Grain markets are softening as calm returns to the energy markets.
Grain futures are softening across the board this morning
as the crude oil market, though elevated, is showing a sense of calm. A
conversation late yesterday from the administration is that they are
considering insuring and escorting vehicles through the Straits of Hormuz,
which has taken the edge off the grain market. This keeps the market under our
stated 82.00-84.00 for crude oil, as in yesterday’s video.
Aside from the developments surrounding the conflict with Iran, the
market continues to track many of the same underlying fundamentals. South
American crop scouts believe output in both Brazil and Argentina may be revised
slightly lower, though total production is still expected to reach record
levels. The larger question now is whether expanding domestic demand will limit
export availability, even with bigger crops. That possibility is gaining
attention in Brazil as the country continues to expand soybean-crushing
capacity and to increase corn use for ethanol production.
Brazilian farmers have also seen sales pick up recently, encouraged by
the strength of the U.S. dollar. Aside from that, new headlines remain limited
for now, though the calendar will soon provide more direction. The monthly
WASDE report is scheduled for release in a week, followed by the closely
watched planting intentions and quarterly stocks reports on the 31st.
Input costs are also entering the conversation. Urea prices have jumped
roughly $80 over the past week, a move that is likely influencing planting
decisions, particularly on acres that have not yet been committed to a specific
crop. This has helped new-crop corn and soybeans find a little firmer footing
as the overall grain trade softens from the early-week high.
Yesterday, live and feeder cattle futures experienced another sharply
lower opening with a recovery later into the session. This has mirrored the
stock index trading. This morning, stock indexes are moderately higher, so if
the firm starts, the cattle trade could get underway. Meanwhile, yesterday the
cash feeder index fell $2.23 and is now at $369.59. The one-day index was just
above $360. The futures board led the weakness; now the cash index will affect
the board's psychology. Currently, April feeders are still carrying a
considerable discount to the index, just under 60 days ago.
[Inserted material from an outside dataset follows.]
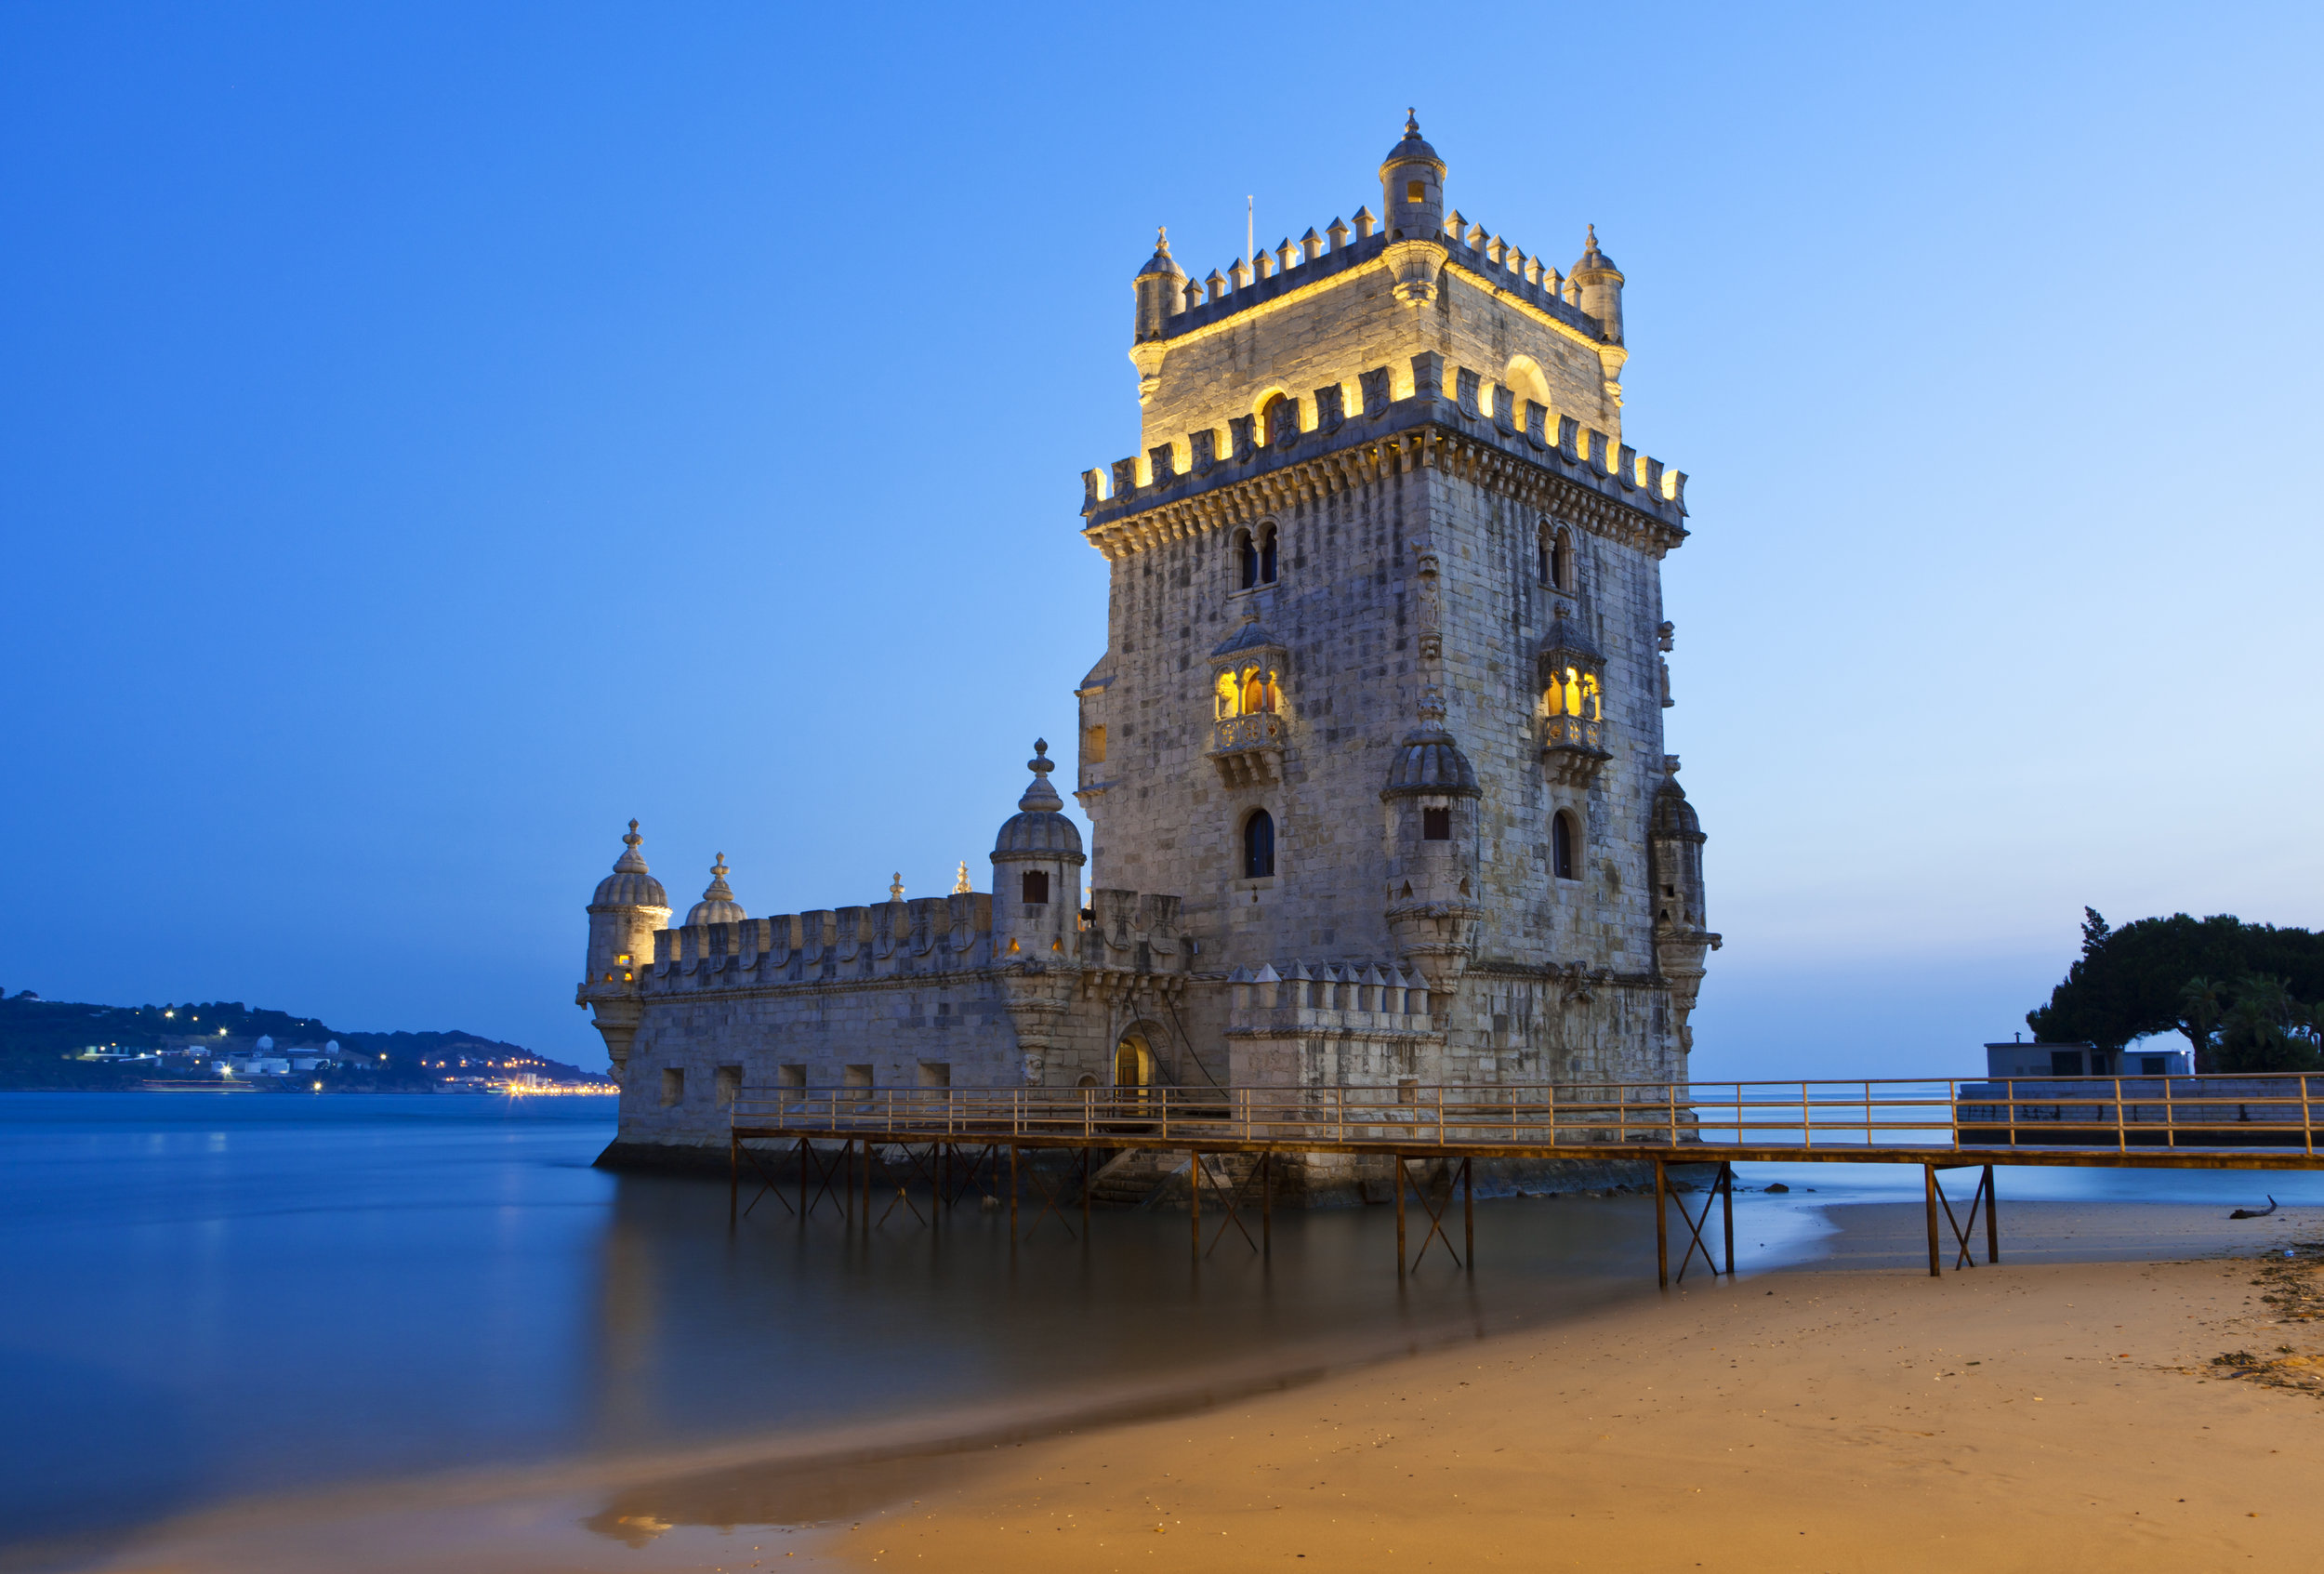 bigstock-The-famous-Tower-of-Belem-at-L-48248372.jpg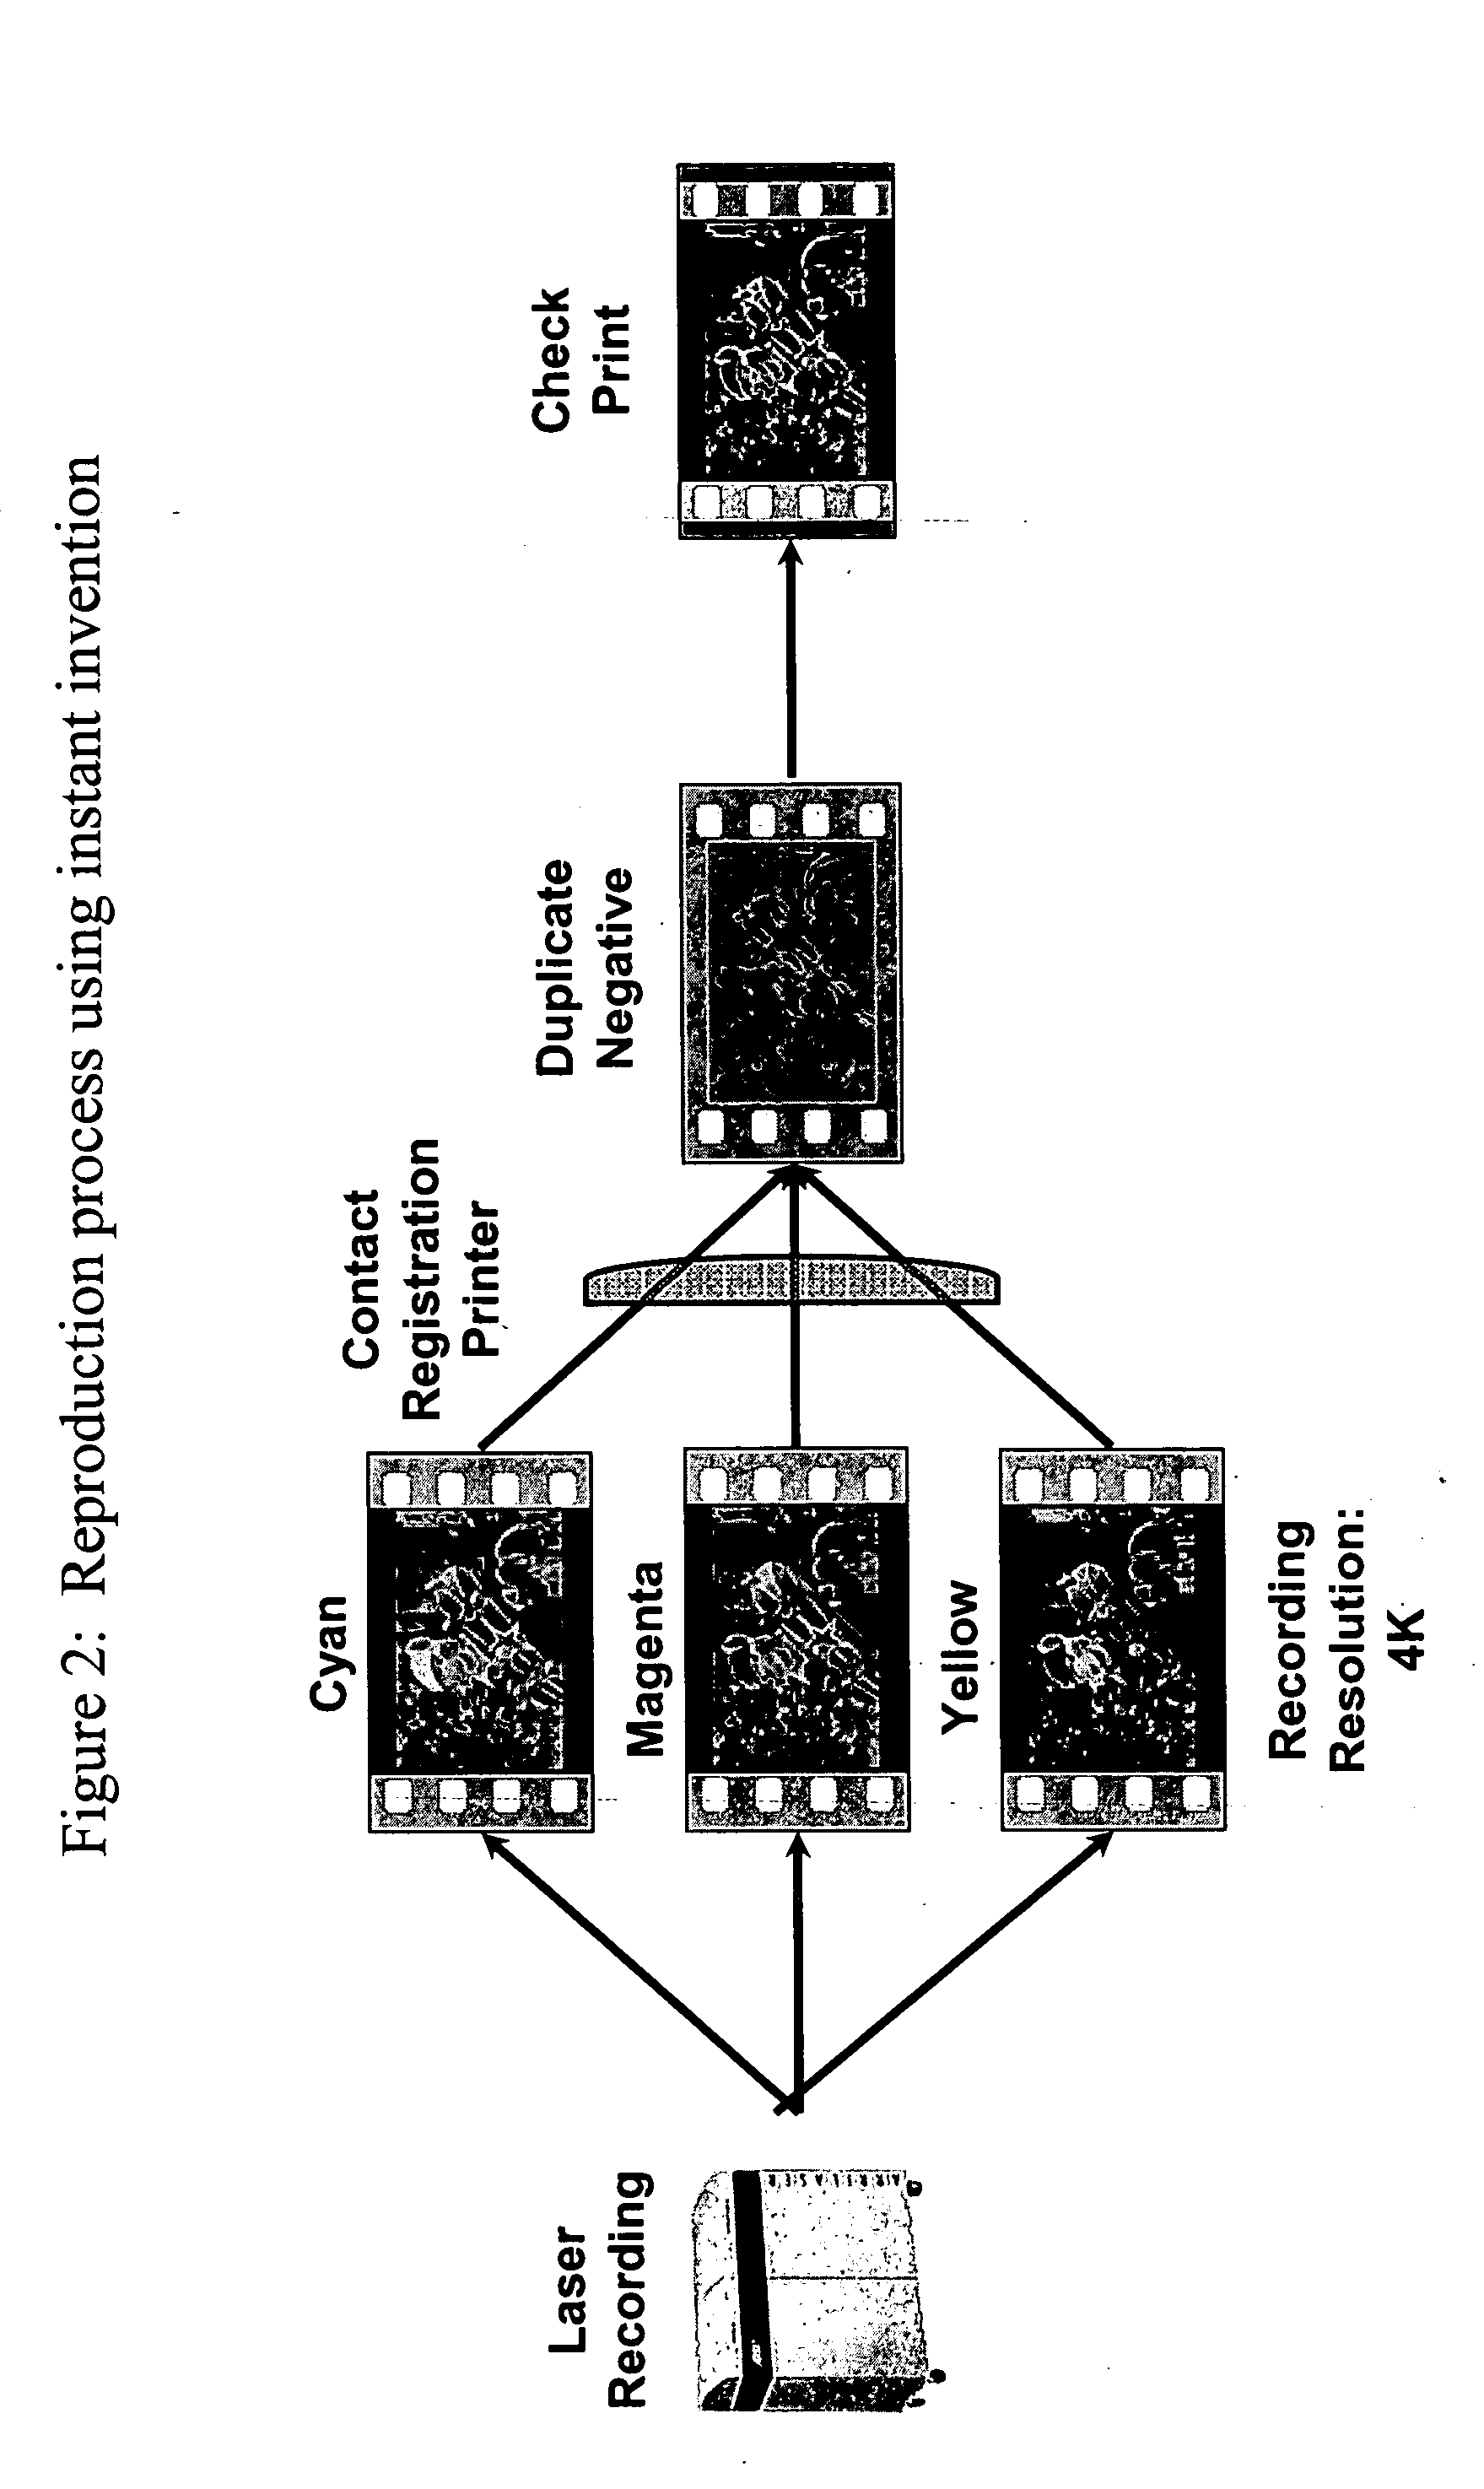 Method for conversion and reproduction of film images through a digital process

Other than a some small cash trade that occurred Monday
afternoon in the South at $238, the negotiated fed cattle trade is now
mostly quiet. Box beef was again higher on Tuesday, with choice gaining $6.71
and now at $388.05; select showed a $0.37 gain and is at $370.58. But it jumped
over $3.00 on Monday. Technical numbers to watch for are as follows: as the
cattle market recovers, significant resistance for the April contract lies at
237.50-238.00, while June live cattle have resistance at 233.50-234.50. April
feeder cattle will face significant resistance at 357-358, then major
resistance at 362.50-364. Those are all selling ranges for recovery lifts.